That is awesome @MiBor . I have found a lot of little positive actions add up to a significant overall improvement, but saignee is for sure one of the top ones in order to get the extraction and depth of flavor without the benefit of temperature controlled cold soak & fermentation that the good commercial operators have . Congratulations.


----------



## Gilmango

Stumbled on this great thread by searching 'bulk v bottle aging'. Ironically I don't see that discussed much here but this is exactly the sort of thread I want to follow if I keep making wine, hence my comment. (New winemaker 3 kits in with 2 to go, then probably trying whole grapes this fall since I'm blessed to live in NorCal myself, in SF).


----------



## NorCal

Gilmango said:


> Stumbled on this great thread by searching 'bulk v bottle aging'. Ironically I don't see that discussed much here but this is exactly the sort of thread I want to follow if I keep making wine, hence my comment. (New winemaker 3 kits in with 2 to go, then probably trying whole grapes this fall since I'm blessed to live in NorCal myself, in SF).

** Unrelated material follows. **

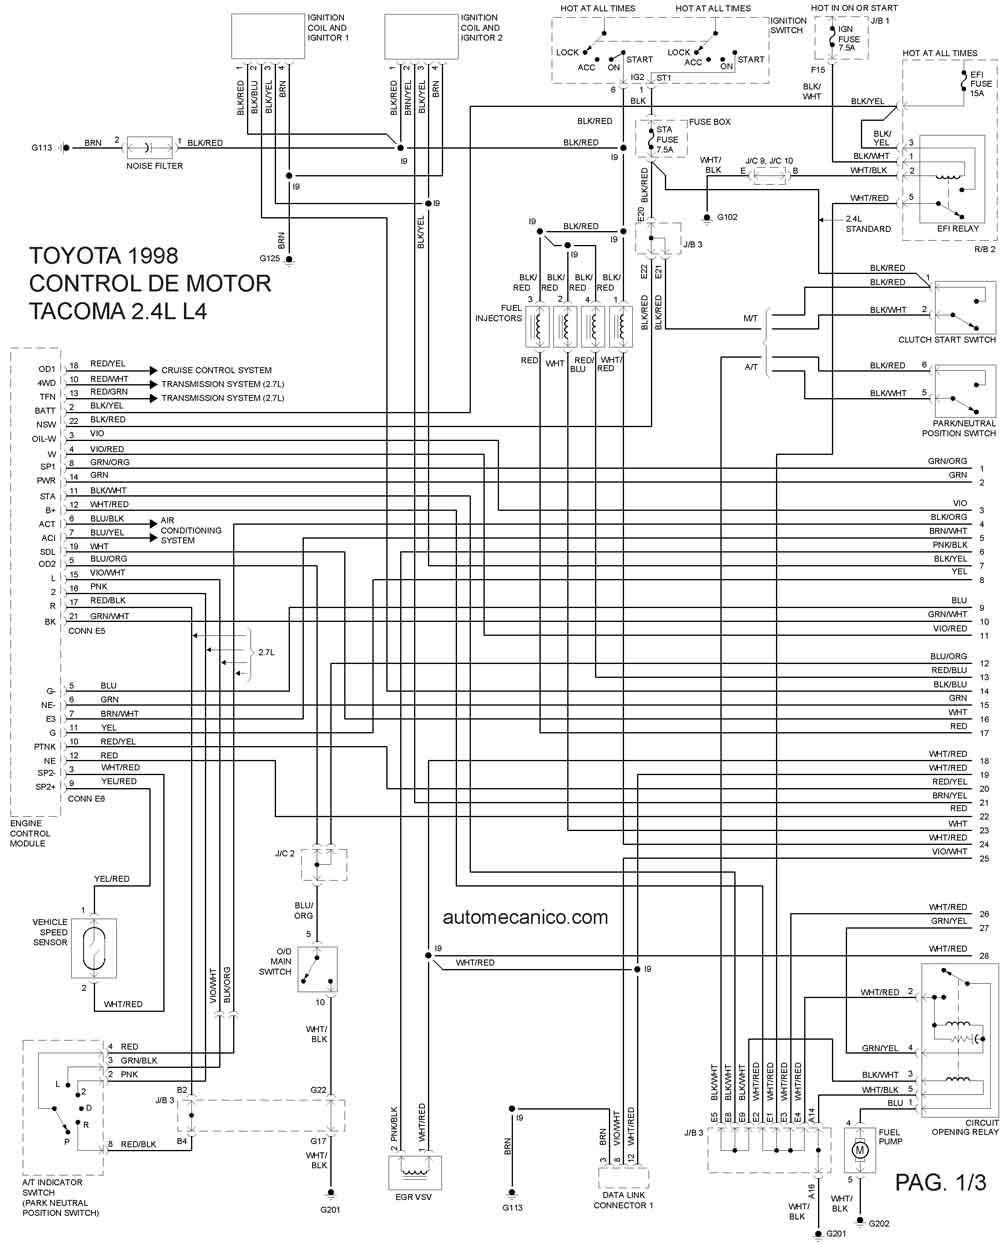 1994 mustang v6 wiring diagram toyota 1998 diagramas esquemas graphics vehiculos 2005 mustang v6 engine diagram
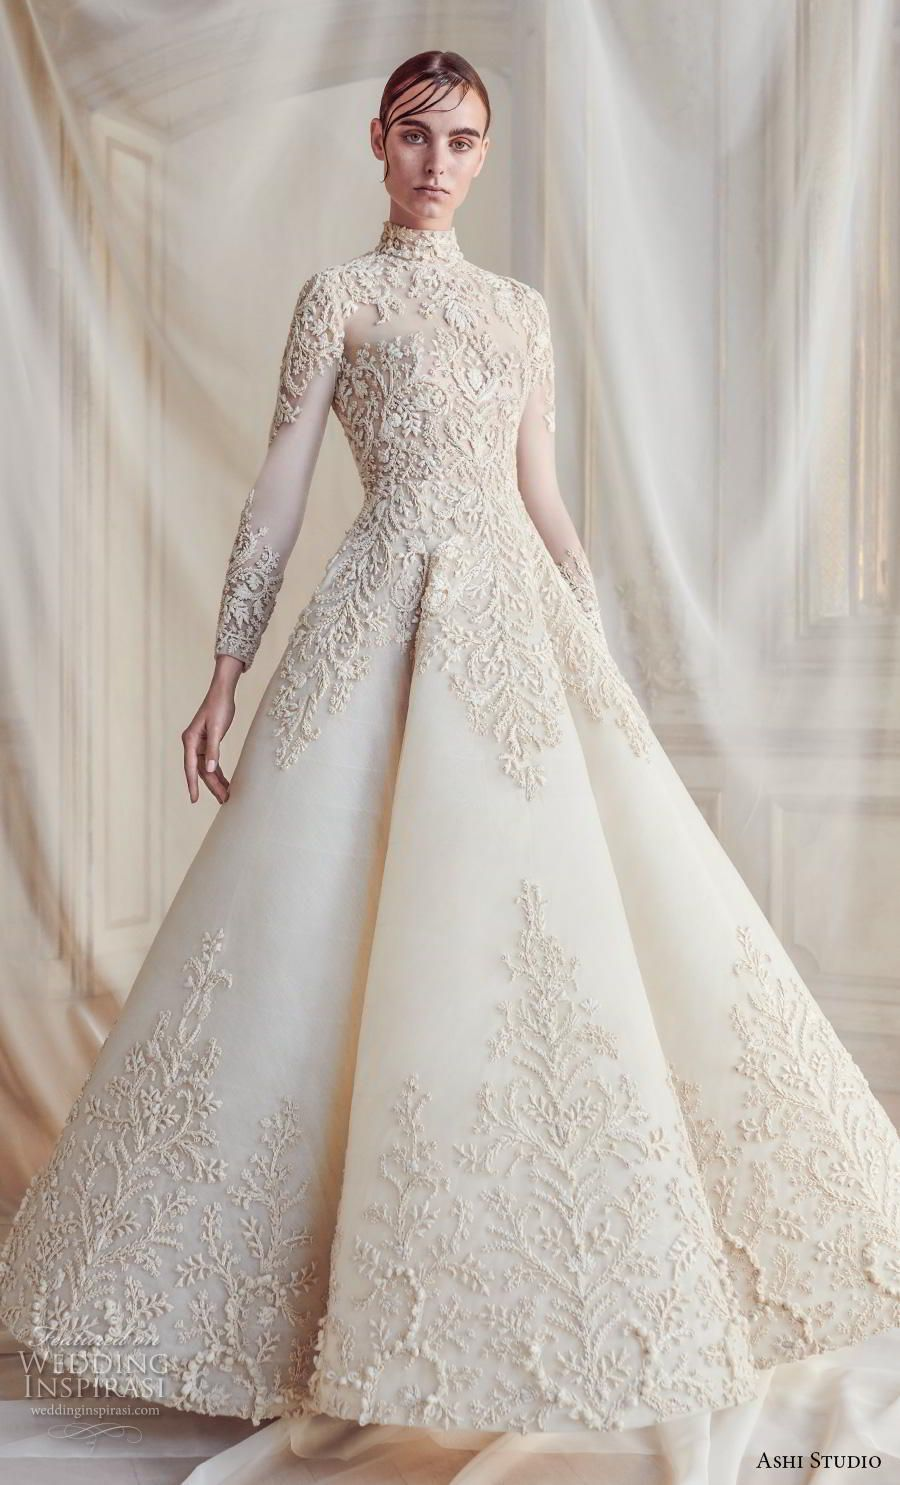 Ashi Studio Fall Winter 2019 Bridal Long Sleeves High Neck Full Embellishment Glamorous A Lin Modest Wedding Dresses Ball Gown Wedding Dress Beautiful Dresses

Welcome...if you want commercial quality Cab Franc grapes, destemmed and crushed for you and you are willing to drive a few hours to get it, send me a PM.


----------



## jsbeckton

Gilmango said:


> Stumbled on this great thread by searching 'bulk v bottle aging'. Ironically I don't see that discussed much here but this is exactly the sort of thread I want to follow if I keep making wine, hence my comment. (New winemaker 3 kits in with 2 to go, then probably trying whole grapes this fall since I'm blessed to live in NorCal myself, in SF).



I made the WE Lodi cab 2 times and bottled per the instructions (1st) and also bottles after one year (2nd). Honestly never could tell any difference. I’d say it’s maybe helpful if you are using an oak adjunct that extracts slower but I would expect the differences to be subtle. If you are looking for a bigger improvement I’d suggest you give all grapes a try before you invest in many more kits. Wish I had made the move sooner myself.


----------



## MiBor

Gilmango said:


> Stumbled on this great thread by searching 'bulk v bottle aging'. Ironically I don't see that discussed much here but this is exactly the sort of thread I want to follow if I keep making wine


I remember wondering about that myself in the beginning, when I was making wine from juice and kits. After I started using grapes I realized that 8-12 months of bulk aging are necessary for the wine to completely clear, for tannins to convert and oak/acid to be integrated properly. When I started using oak barrels, bulk aging necessity became even more obvious as the MOX process takes a long time. 
There are many other reasons bulk aging for a year is thought of by many as an unquestionable part of wine making. Personally, I want my wine to be as close as possible to a "finished" form before it goes into bottles. When it comes to wine, I don't like surprises.


----------



## Gilmango

jsbeckton said:


> I made the WE Lodi cab 2 times and bottled per the instructions (1st) and also bottles after one year (2nd). Honestly never could tell any difference. I’d say it’s maybe helpful if you are using an oak adjunct that extracts slower but I would expect the differences to be subtle. If you are looking for a bigger improvement I’d suggest you give all grapes a try before you invest in many more kits. Wish I had made the move sooner myself.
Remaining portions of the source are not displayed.